So are there any cases of acceptability without grammaticality? I believe the best examples are those where we find subliminal island effects (see here for discussion). In such cases we find sentences that are judged acceptable under the right interpretation. Despite this, they display the kinds of super-additivity effects that characterize islands. It seems reasonable to me to describe these strings as ungrammatical (i.e. violate island conditions) despite their being acceptable. What this means is that for cases such as these the super-additivity profile is a more sensitive measure of grammaticality than is the bare acceptability judgment. In fact, assuming that the sentence violates islands restrictions explains why we find the super-additivity profile.  Of course, we would love to know why in these cases (but not in many other island violating examples) ungrammaticality does not lead to unacceptability. But not knowing why this is so, does not in and of itself compromise the conclusion that sentences these acceptable sentences are ungrammatical.[2]

So, (un)acceptability does not imply (un)grammaticality, nor vice versa. How then can the former be used as a probe into the latter? Well, because this relation is stable often enough. In other words, over a very large domain acceptability judgments track grammaticality judgments, and that is good enough. In fact, as I’ve mentioned more than once, Sprouse, Almeida, and Schutze have shown that these data are very robust and very reliable over a very wide range, and thus are excellent probes into grammaticality. Of course, this does not mean that they such judgments are infallible indicators of grammatical structure, but then nobody thought that they ever were. Let me elaborate on this.

We’ve known for a very long time that acceptability is affected by many factors (see Aspects:10-15 for an early sophisticated discussion of these issues), including sentence length, word frequencies, number of referential DPs employed, intonation and prosody, types of embedding, priming, kinds of dependency resolutions required, among others. These factors combine to yield a judgment of (un)acceptability on a given occasion. And these are expected to be (and acknowledged to be) a matter of degree. One of the things that linguists try to do in probing for grammaticality is to compensate for these factors by comparing sentences of similar complexity to one another to isolate the grammatical contribution to the judgment in a particular case (e.g. we compare sentences of equal degree of embedding when probing for island effects). This is frequently doable, though we currently have no detailed account of how these factors interact to produce any given judgment. Let me repeat this: though we don’t have a general theory of acceptability judgments, we have a pretty good idea what factors are involved and when we are careful (and even when we are not, as Sprouse has shown) we can control for these and allow the grammatical factor to shine thorough a particular judgment. In other words, we can set up a specific experimental situation that reliably tests for G-factors (i.e. we can test whether G-factors are causally relevant in the standard way that experiments typically do, by controlling the hell out of the other factors). This is standard practice in the real sciences, where unpacking interaction effects is the main aim of experimentation. I see no reason why the same should not hold in linguistics.[3]

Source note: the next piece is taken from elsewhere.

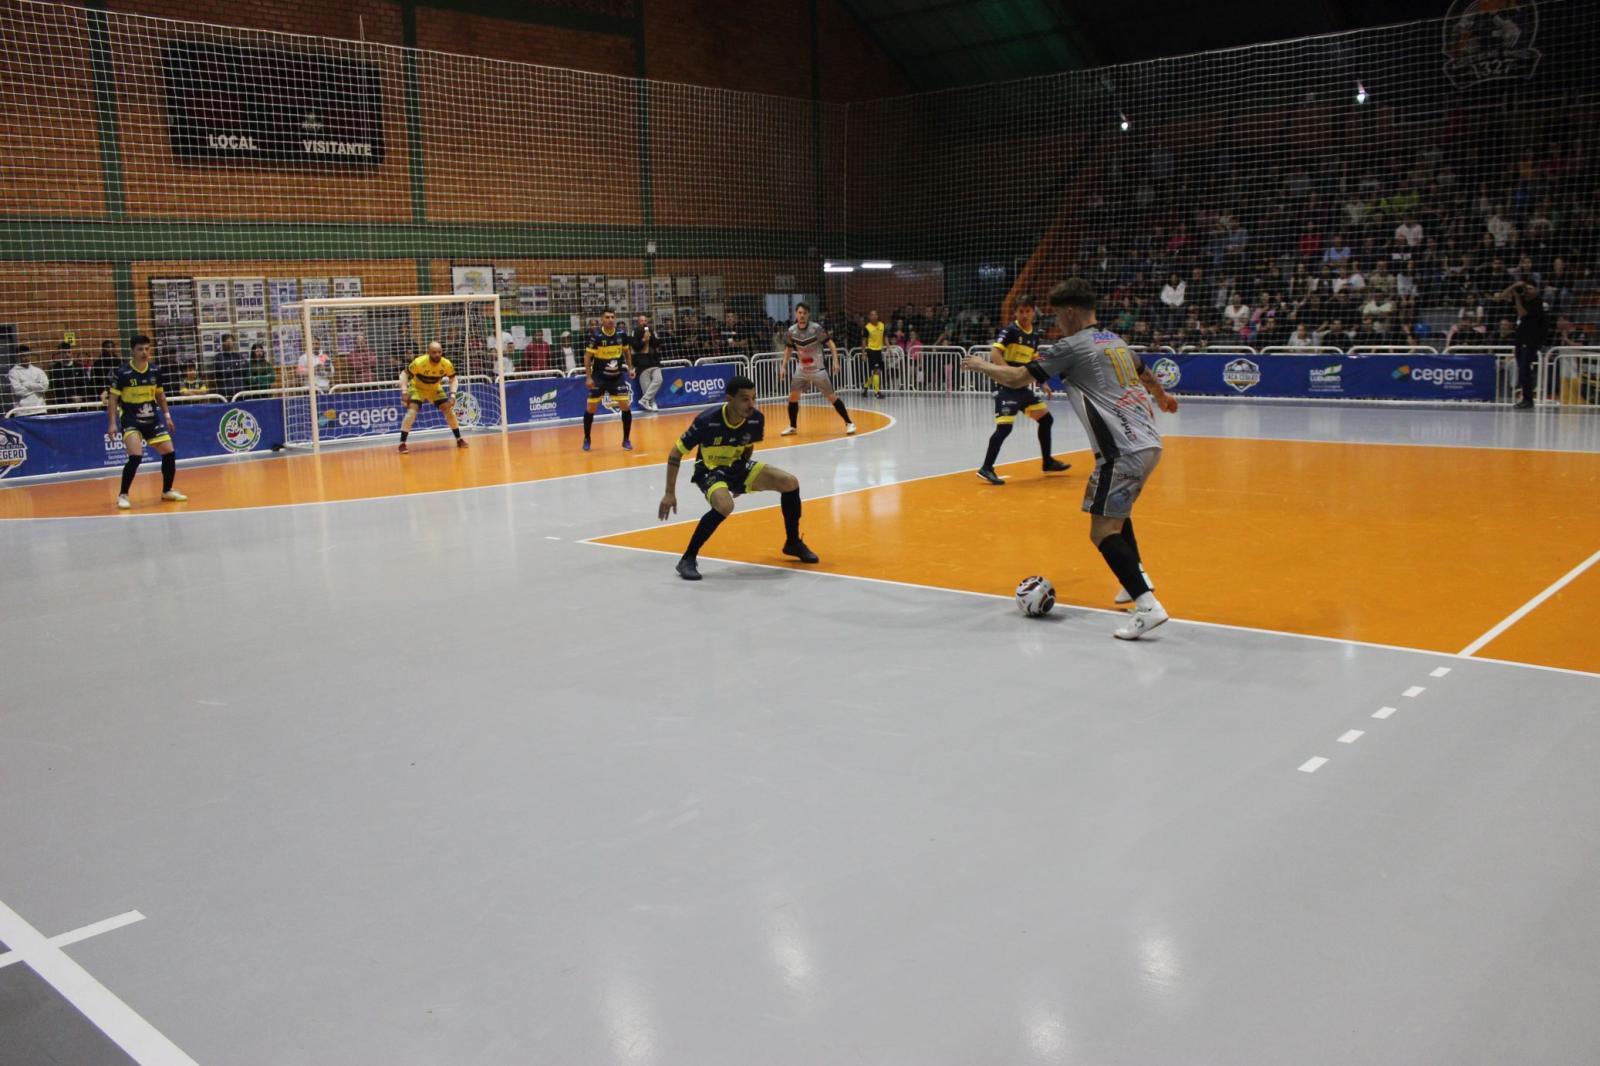 Cuzidos e Apec empatam e Consulado do Tigre vence o Resenha na abertura do Campeonato de Futsal...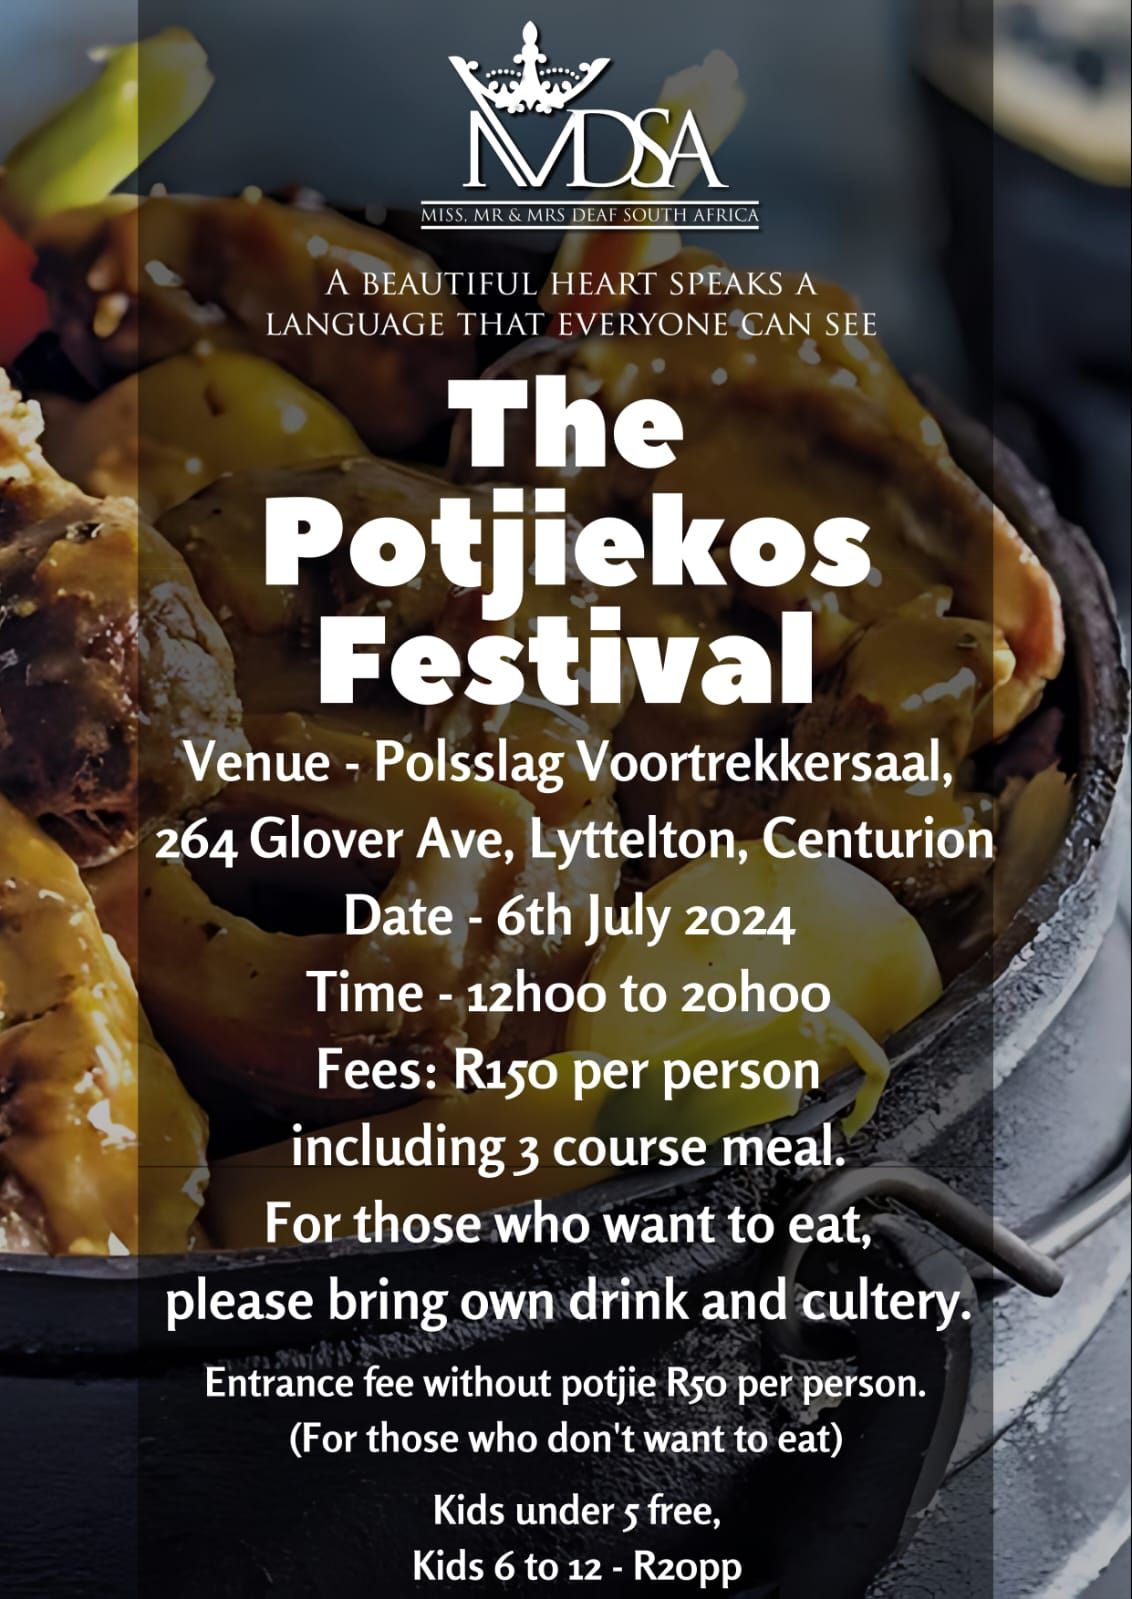 The Potjiekos Festival

It is worth noting that the problem of understanding complex data (i.e data that is reasonably taken to be the result of many causally interacting factors) is not limited to linguistics. It is a common feature of the real sciences (e.g. physics). Geoffrey Joseph has a nice (old) paper discussing this, where he notes (786):[4]

Success at the construction and testing of theories often does not proceed by attempting to explain all, or even most, of the actually available data. Either by selecting appropriate naturally occurring data or by producing appropriate data in the laboratory, the theorist implicitly acknowledges …his decomposing the causal factors at work into more comprehensible components. A consequence of this feature of his methodology is that we are often in the position of having very well-confirmed fundamental theories at hand, but at the same time being unable to formulate complete deductive explanations of natural (complex) phenomena.

This said, it is interesting when (un)acceptability and (un)grammaticality diverge. Why? Because, somewhat surprisingly, as a matter of fact the two track one another so closely (in fact, much more closely than we had any reason to expect a priori). This is what makes it theoretically interesting when the two diverge. Here’s what I mean.[5]

There is no reason why (un)acceptability should have been such a good probe into (un)grammaticality. After all, this is a pretty gross judgment that we ask speakers to make and we are absolutely sure that many factors are involved. Nonetheless, it seems that the two really are closely aligned over a pretty large domain. And precisely because they are, it is interesting to probe where they diverge and why. Figuring out what’s going on is likely to be very informative.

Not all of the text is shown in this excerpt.